Businesses would take time to recover from this crisis, reflecting the series of retrenchments, pay-cuts and unpaid leave. The gloomy job market shows that school leavers and university graduates who are the new entrants in the labour market would end up in an unfortunate situation as there are constraints in new hiring.
There is a mismatch of supply and demand in the labour market. Not only youth are exposed to less job opportunities and income losses worsened by the pandemic, the burdens shouldered by them include debt obligations such as student loans, car loans as well as housing loans.
Estimates from Bank Negara in 2016 shows that the living wage in Kuala Lumpur — minimum acceptable standard of living — for a single adult is RM2,700 per month after taking into account room rentals, eating out due to hectic city lifestyle and frequent usage of public transportation.
This study also revealed that those earning below living wage are secondary school graduates with low- to mid-skilled jobs.
Seeing these multiple whammies face by youth, how can they be helped to weather through this storm?
The government has done right by addressing the unemployment catastrophe in its RM35 billion short-term Penjana plan with an allocation of RM9 billion.
Some of the key measures that focuses on helping the youth include the extension of Wage Subsidy Programme, hiring and training incentives, allocations for upskilling and reskilling of talents, establishment of National Jobs Task Force as well as an upgrade to the National Employment Services Job portal under the Social Security Organisation (Socso).
Prior to Penjana, stimulus measures targeted towards the youth include student loan (PTPTN) deferment, one-off cash assistance for post-secondary students and cash transfers to singles aged 21 and above earning RM4,000 and below.
As much as government’s efforts deserve to be lauded in addressing the matter, several measures could be more promising of the future potential human capital.
Firstly, a robust education-to-employment (E2E) system is required.

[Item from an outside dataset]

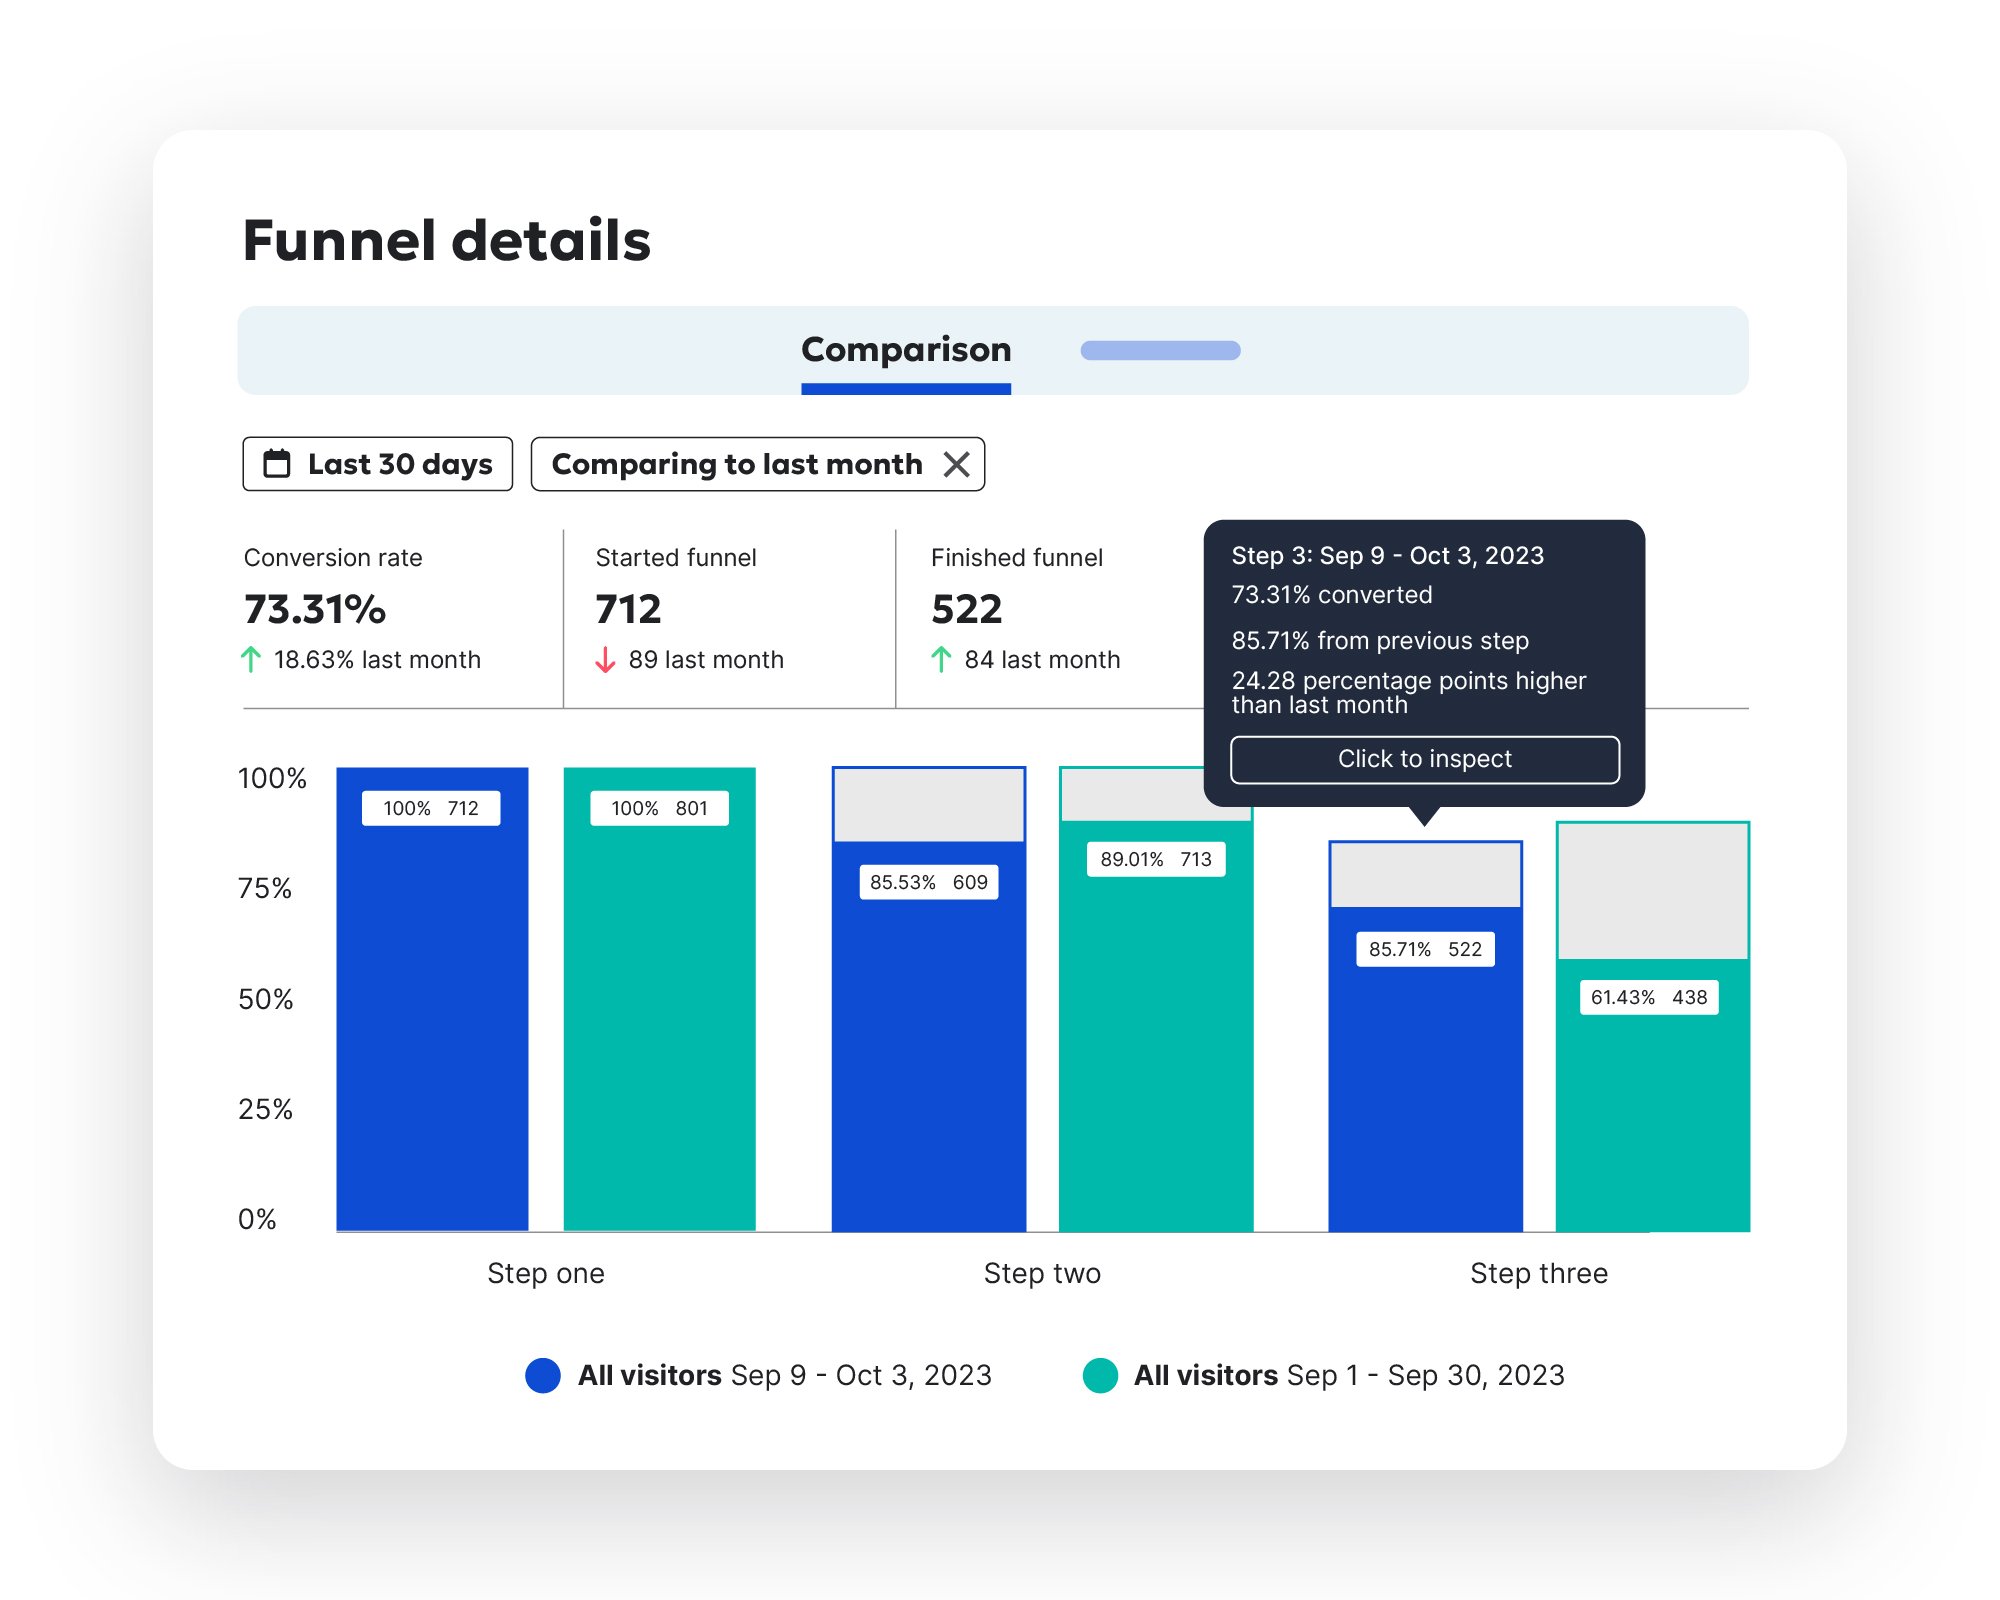 Funnel Comparisons allows you to compare a funnel across different time periods

By this, relevant education needs to be taught alongside hiring assistance to sufficiently prepare the young people.
This is when the Technical and Vocational Education and Training (TVET) sector comes in crucial and increasing enrolment rates in TVET would be the way forward to having skilled youth as studies have shown that greater access to effective vocational training is linked to lower youth unemployment rates.
So, the single enforcement body which is responsible to handle this sector, National TVET Coordinating Body should be the leading role.

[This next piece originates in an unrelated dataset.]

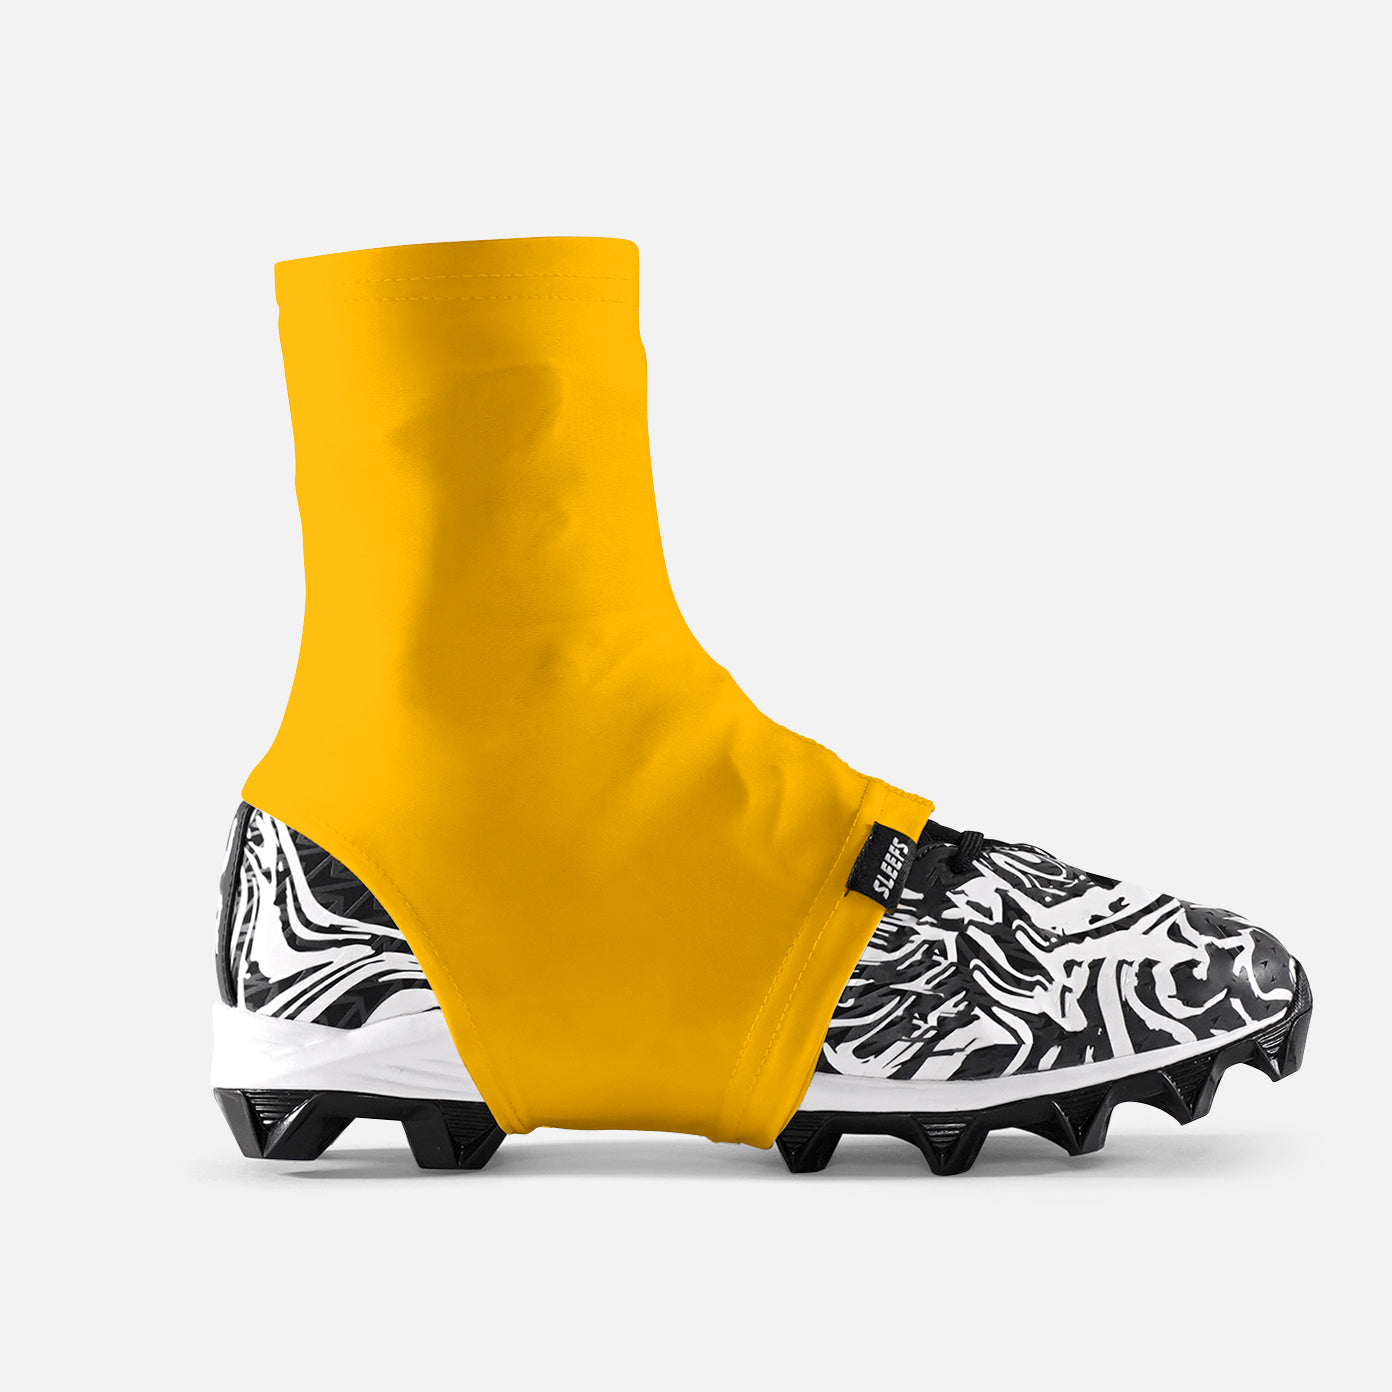 Hue Yellow Gold Kids Spats / Cleat Covers

Online courses provided by Socso and MDEC with Coursera will also help to upskill and reskill local talents in becoming digital-savvy youth as we walk our way to embrace the vision of Malaysia 5.0, as pointed out by my CEO Datuk Rais Hussin and my colleague, Jason Loh in their articles.
Secondly, a comprehensive social safety net for youth needs to be established via government’s initiative to provide incentives for youth employment, apprenticeship and traineeship similar to Europe’s Youth Guarantee Scheme that was introduced in 2014.
Hopefully, the result would be as positive because the youth scheme successfully helped more than 3.5 million young Europeans in getting job offers, a traineeship or an apprenticeship each year.
Lastly, it appears to be that youth aged below 21 are excluded from Bantuan Prihatin Nasional (BPN) payouts that should be extended beyond June. Therefore, this assistance should be stretched to cover this group as an aid while searching for jobs.
These are some of the many measures that should be considered and monitored from time to time in ensuring their relevance to tackle youth unemployment.
As said by Microsoft co-founder Bill Gates, "In the long run, your human capital is the main base of competition. Your leading indicator of where you're going to be 20 years from now is how well you're doing in your education system.”
* Sofea Azahar is research analyst at think-tank EMIR Research.
** This is the personal opinion of the writer or publication and does not necessarily represent the views of Malay Mail.